[Records from a data collection]
++++++++
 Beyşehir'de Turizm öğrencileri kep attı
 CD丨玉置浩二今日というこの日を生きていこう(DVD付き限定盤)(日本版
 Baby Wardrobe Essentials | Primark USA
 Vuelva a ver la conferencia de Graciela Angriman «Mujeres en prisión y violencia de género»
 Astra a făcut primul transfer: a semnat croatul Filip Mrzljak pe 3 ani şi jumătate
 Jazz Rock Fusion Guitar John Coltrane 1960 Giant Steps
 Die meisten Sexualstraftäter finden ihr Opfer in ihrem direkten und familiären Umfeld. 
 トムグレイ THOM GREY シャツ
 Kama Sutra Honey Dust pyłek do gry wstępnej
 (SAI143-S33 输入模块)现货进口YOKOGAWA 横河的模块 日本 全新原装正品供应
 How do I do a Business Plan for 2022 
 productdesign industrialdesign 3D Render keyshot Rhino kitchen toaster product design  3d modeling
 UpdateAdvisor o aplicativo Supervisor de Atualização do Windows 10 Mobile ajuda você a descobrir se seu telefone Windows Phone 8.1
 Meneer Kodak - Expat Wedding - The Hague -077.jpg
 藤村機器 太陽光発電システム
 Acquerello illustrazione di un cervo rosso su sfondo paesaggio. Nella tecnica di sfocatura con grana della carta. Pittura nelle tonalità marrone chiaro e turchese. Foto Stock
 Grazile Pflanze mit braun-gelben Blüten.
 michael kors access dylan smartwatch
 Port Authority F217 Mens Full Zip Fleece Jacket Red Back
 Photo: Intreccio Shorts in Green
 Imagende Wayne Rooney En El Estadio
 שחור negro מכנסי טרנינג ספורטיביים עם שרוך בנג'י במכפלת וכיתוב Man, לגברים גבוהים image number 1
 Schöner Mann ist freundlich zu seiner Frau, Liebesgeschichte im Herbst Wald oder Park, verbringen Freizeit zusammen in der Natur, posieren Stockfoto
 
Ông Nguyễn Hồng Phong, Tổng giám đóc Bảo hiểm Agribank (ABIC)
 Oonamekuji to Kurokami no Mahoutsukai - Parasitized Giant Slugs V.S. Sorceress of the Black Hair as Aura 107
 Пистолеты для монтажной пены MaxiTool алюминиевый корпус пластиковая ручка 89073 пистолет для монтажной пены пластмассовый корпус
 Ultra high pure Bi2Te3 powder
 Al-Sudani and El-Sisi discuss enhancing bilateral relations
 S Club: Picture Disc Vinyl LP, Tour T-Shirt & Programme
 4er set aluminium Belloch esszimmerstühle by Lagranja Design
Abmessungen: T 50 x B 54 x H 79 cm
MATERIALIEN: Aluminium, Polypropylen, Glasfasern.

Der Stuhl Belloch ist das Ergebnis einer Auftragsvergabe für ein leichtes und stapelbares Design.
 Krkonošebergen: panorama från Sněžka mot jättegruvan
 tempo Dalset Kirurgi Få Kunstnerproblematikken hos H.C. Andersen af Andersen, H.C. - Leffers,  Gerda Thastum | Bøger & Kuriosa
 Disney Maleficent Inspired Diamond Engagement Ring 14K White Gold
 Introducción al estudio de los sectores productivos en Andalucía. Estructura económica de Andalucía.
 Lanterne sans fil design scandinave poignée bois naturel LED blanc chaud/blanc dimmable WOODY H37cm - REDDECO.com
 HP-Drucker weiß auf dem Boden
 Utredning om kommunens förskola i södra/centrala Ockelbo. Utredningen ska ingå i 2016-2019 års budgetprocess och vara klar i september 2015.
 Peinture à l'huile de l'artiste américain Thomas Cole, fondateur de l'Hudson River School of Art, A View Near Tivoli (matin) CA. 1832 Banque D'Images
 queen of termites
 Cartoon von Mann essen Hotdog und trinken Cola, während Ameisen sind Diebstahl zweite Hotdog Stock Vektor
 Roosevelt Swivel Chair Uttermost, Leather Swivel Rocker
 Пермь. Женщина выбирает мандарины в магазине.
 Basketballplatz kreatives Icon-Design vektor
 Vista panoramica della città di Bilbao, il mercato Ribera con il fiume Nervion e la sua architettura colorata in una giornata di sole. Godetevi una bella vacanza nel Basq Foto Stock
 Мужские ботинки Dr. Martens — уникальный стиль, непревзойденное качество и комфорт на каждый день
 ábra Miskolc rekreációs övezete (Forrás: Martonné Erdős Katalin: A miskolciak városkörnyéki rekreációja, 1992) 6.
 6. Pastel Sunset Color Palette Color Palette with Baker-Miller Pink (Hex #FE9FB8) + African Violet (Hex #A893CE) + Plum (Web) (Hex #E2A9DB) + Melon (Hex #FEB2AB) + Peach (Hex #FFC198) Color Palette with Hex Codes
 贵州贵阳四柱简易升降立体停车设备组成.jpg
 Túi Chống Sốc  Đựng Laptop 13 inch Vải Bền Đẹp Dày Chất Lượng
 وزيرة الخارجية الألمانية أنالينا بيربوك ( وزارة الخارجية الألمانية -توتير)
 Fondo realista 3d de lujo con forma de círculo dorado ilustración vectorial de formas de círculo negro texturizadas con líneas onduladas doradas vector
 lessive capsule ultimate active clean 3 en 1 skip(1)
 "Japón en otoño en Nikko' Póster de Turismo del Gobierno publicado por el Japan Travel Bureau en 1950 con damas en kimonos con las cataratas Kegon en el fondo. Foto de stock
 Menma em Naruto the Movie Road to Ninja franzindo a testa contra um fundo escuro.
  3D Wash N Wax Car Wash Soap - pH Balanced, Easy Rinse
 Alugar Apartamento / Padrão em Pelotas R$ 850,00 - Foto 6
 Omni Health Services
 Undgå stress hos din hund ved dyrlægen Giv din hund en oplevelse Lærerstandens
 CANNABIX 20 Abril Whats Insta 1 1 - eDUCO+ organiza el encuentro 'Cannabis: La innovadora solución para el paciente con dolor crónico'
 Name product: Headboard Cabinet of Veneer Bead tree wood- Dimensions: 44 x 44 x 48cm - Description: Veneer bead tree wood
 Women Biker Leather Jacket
++++++++
● **WHAT IS EXPECTED**:
Using the entries above, return exactly the lines from the line with "Kama Sutra Honey Dust pyłek do gry wstępnej" to the line with "productdesign industrialdesign 3D", counting both of those lines.

● **YOUR RESPONSE**:
 Kama Sutra Honey Dust pyłek do gry wstępnej
 (SAI143-S33 输入模块)现货进口YOKOGAWA 横河的模块 日本 全新原装正品供应
 How do I do a Business Plan for 2022 
 productdesign industrialdesign 3D Render keyshot Rhino kitchen toaster product design  3d modeling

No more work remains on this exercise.